The use of artificial intelligence (AI) may help solve this issue. Machine learning, which is a data analysis technique for realizing AI, is a method in which computers automatically analyze data to discover and learn the rules and patterns behind the data. In recent years, there has been an emphasis on making predictions and decisions based on the results of such learning, and the use of AI in the medical field has increased. It has been successful in building models for retrospectively identifying abnormalities in diverse types of images [2]. In particular, systems for detecting colorectal cancer, skin tumors, cerebral aneurysms, and influenza infection, among others, by AI-based imaging diagnosis have been consecutively developed. In rheumatology, many results related to treatment support have been reported. Studies have successfully predicted the response to treatment and the prognosis of rheumatoid arthritis (RA) patients using data on clinical markers and genetic analyses. In 2019, Kim et al. used transcriptome profiling of RA synovium to predict treatment responses from inflammatory signals [3]. Furthermore, Guan et al. used clinical data and single-nucleotide polymorphism sequence data to predict the patient response to antitumor necrosis factor therapy [4]. Subsequently, many prognostic predictors of the patient response to treatment and rehospitalization have been reported for RA, systemic lupus erythematosus (SLE), juvenile idiopathic arthritis, spondyloarthropathy, and osteoarthritis.
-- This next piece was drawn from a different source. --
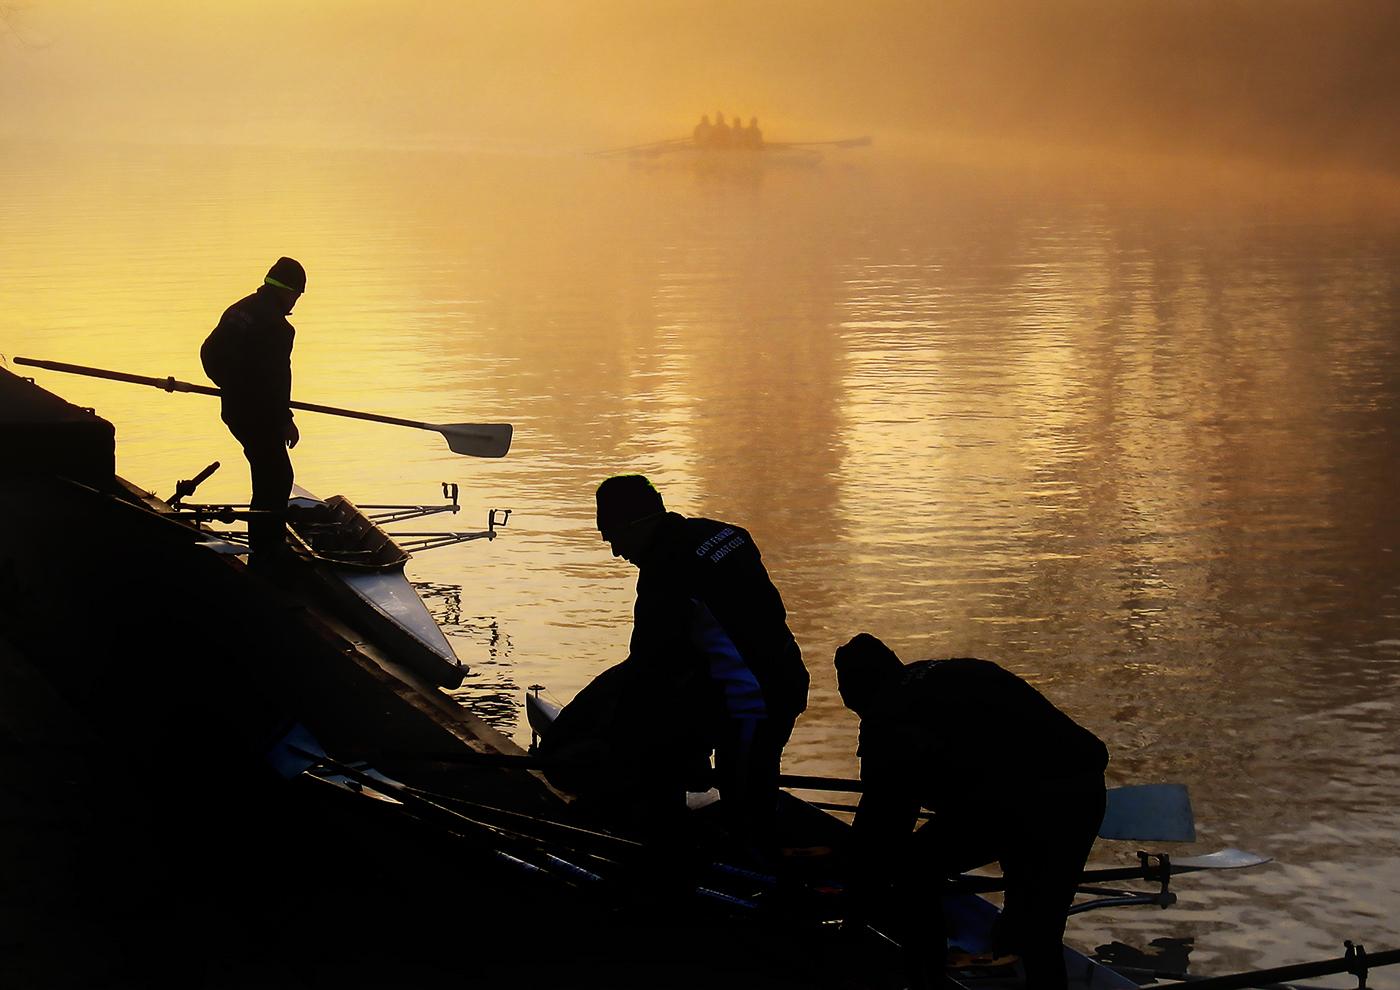 Rowing, winter morning_Allan Highet

However, there have not yet been any AI studies for IgG4-RD.
In addition, the therapeutic strategy for rheumatic diseases is decided after carefully considering the distribution and degree of disability. These are the areas in which AI excels the most. Currently, the diagnosis of IgG4-related disease (IgG4-RD) is based on blood test results; findings from imaging examinations such as computed tomography (CT), MRI, and fluorodeoxyglucose positron emission tomography (FDG-PET), and histopathological findings. As a result, the invasiveness to the patients is high, and the high cost of medical care has become a problem. Thus, this study investigated whether AI can be trained to differentiate IgG4-RD from other rheumatic diseases by learning the typical cases of both IgG4-RD and non-IgG4-RD, and whether proper diagnosis is possible. The results of this study are expected to be useful for assisting nonspecialist physicians in the community to make appropriate diagnosis and treatment decisions for patients with IgG4-RD.
In terms of model fitting, when the serum IgG4 values were known, the CART method used a cp (a parameter indicating the complexity of the tree model) value of 0.017, and the random forest method used a mtry (the number of variables to be employed in the model) of 5 and a ntree (the number of decision trees to be tried) of 400, and when the serum IgG4 values were unknown, for the CART method used a cp value of 0.015, and random forest method used a mtry of 3 and a ntree of 300 for optimization. The Shapiro-Wilk test was conducted to confirm that the training, test, and validation samples had a normal distribution (p = 0.62). Intergroup comparisons were performed using a two-tailed t test. The accuracy of the model was retrospectively evaluated by drawing a receiver-operating characteristic (ROC) curve from the sensitivity and specificity of the validation sample, and by calculating the area under the curve (AUC). P values less than 0.05 were considered to denote statistical significance. Values are provided as the mean standard deviation unless otherwise noted.